The aim of our study was to (1) report our surgical outcomes of internal fixation in patients with non-displaced or valgus impaction fractures of the femoral neck, (2) introduce our new three-dimensional assessment method using a combination of X-ray and CT imaging, and (3) determine which radiologic measurements significantly predicted fixation failure.

Hypothesis

We hypothesized that high posterior tilt angle and retroversion angle are related to high incidence of non-union and osteonecrosis.

Materials and methods

From January 2009 to December 2016, 64 elderly patients in two institutions with non-displaced or valgus impaction fractures of the femoral neck who had internal fixation using multiple parallel cannulated screws were enrolled.

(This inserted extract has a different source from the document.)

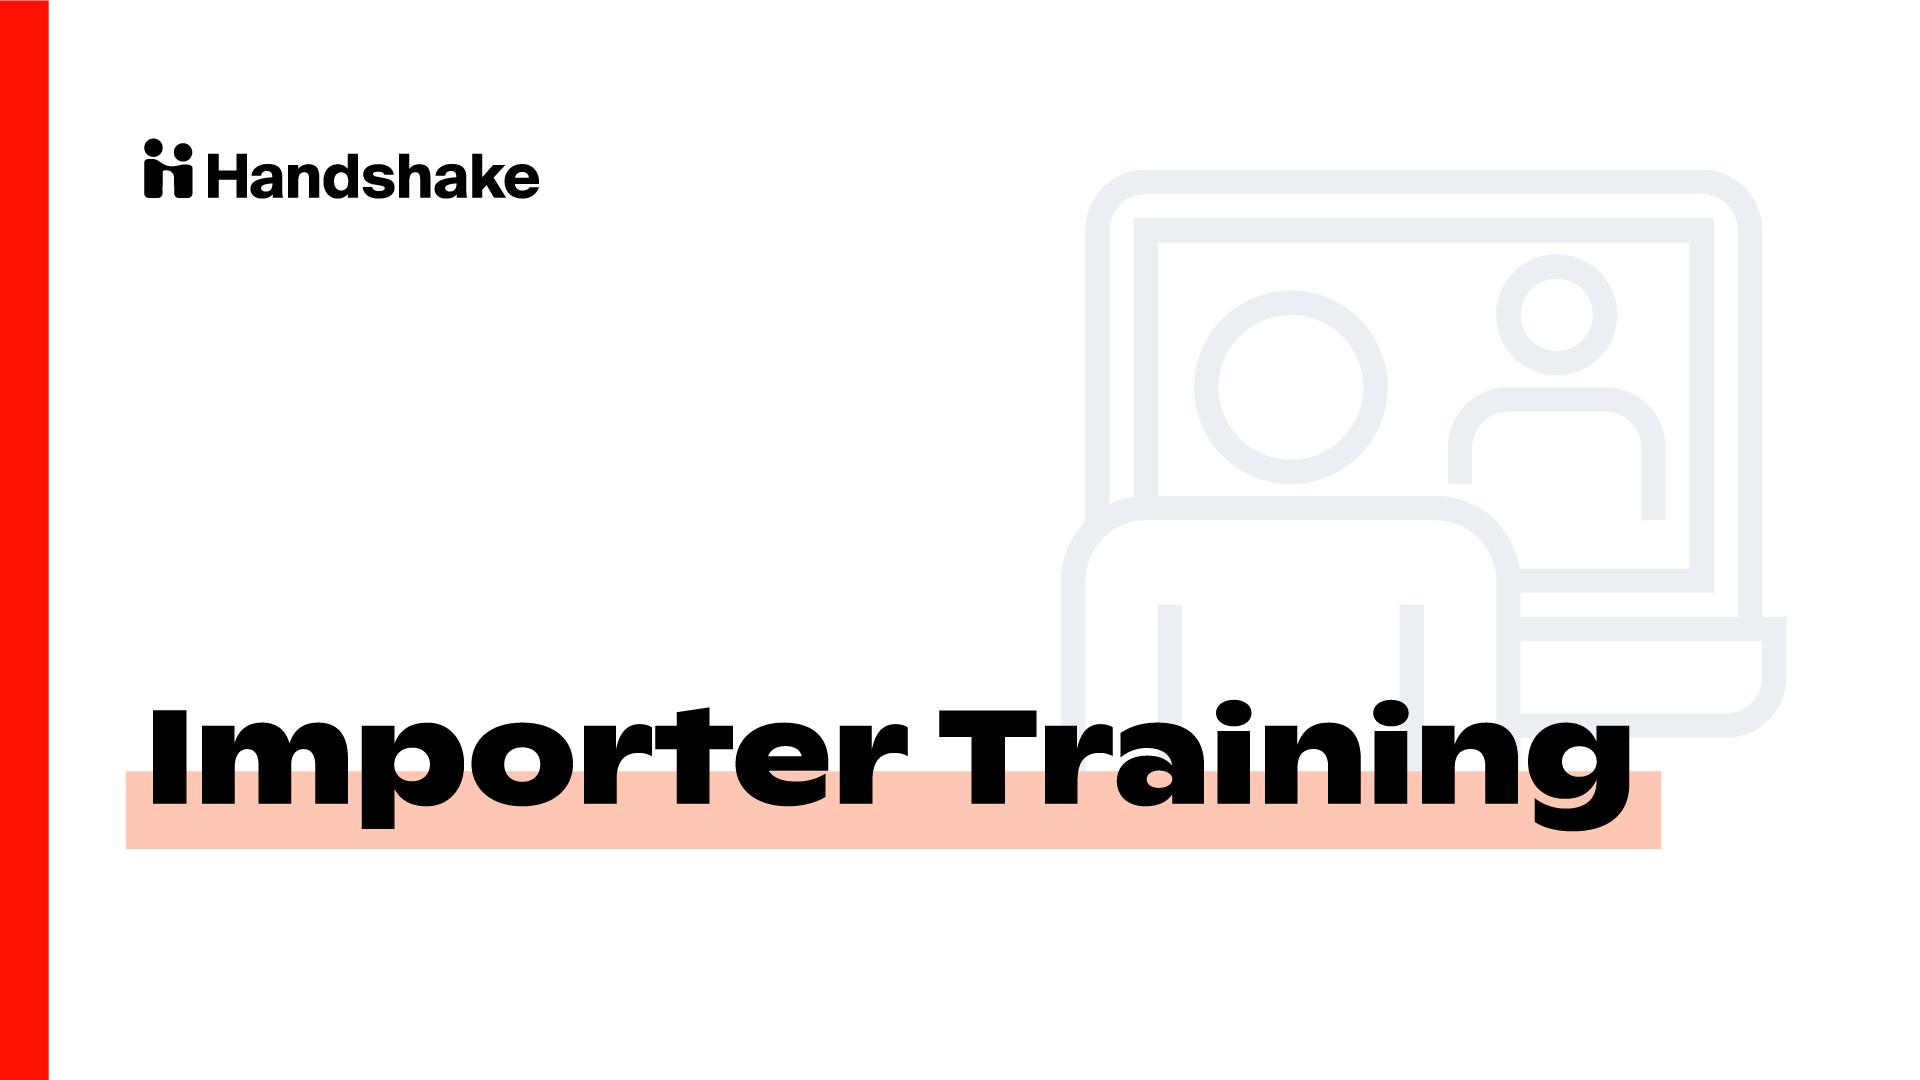 Importer Training

To determine the independent predictors of non-union, osteonecrosis, and re-operation, various clinical variables and radiologic variables, including the valgus angle on coronal CT images, the posterior tilt angle on Lorenz images, and the retroversion angle on axial CT images, were analyzed.

Results

Non-union was identified in nine of the 64 patients (14.1%) and nine of the 55 patients (16.4%) who achieved bony union had femoral head osteonecrosis with subsequent segmental collapse. The multiple logistic regression model showed that a low bone mineral density of the femur, a higher posterior tilt angle on Lorenz image, and a higher retroversion angle on axial CT images were independent predictors of non-union and re-operation.

Discussion

Primary hip arthroplasty should be considered when a posterior tilt angle of more than 9 degrees on Lorenz images or a retroversion angle of more than 13 degrees on axial CT images is identified in patients with osteoporotic valgus impaction fractures.

Type of study and level of proof

III, Retrospective comparative study.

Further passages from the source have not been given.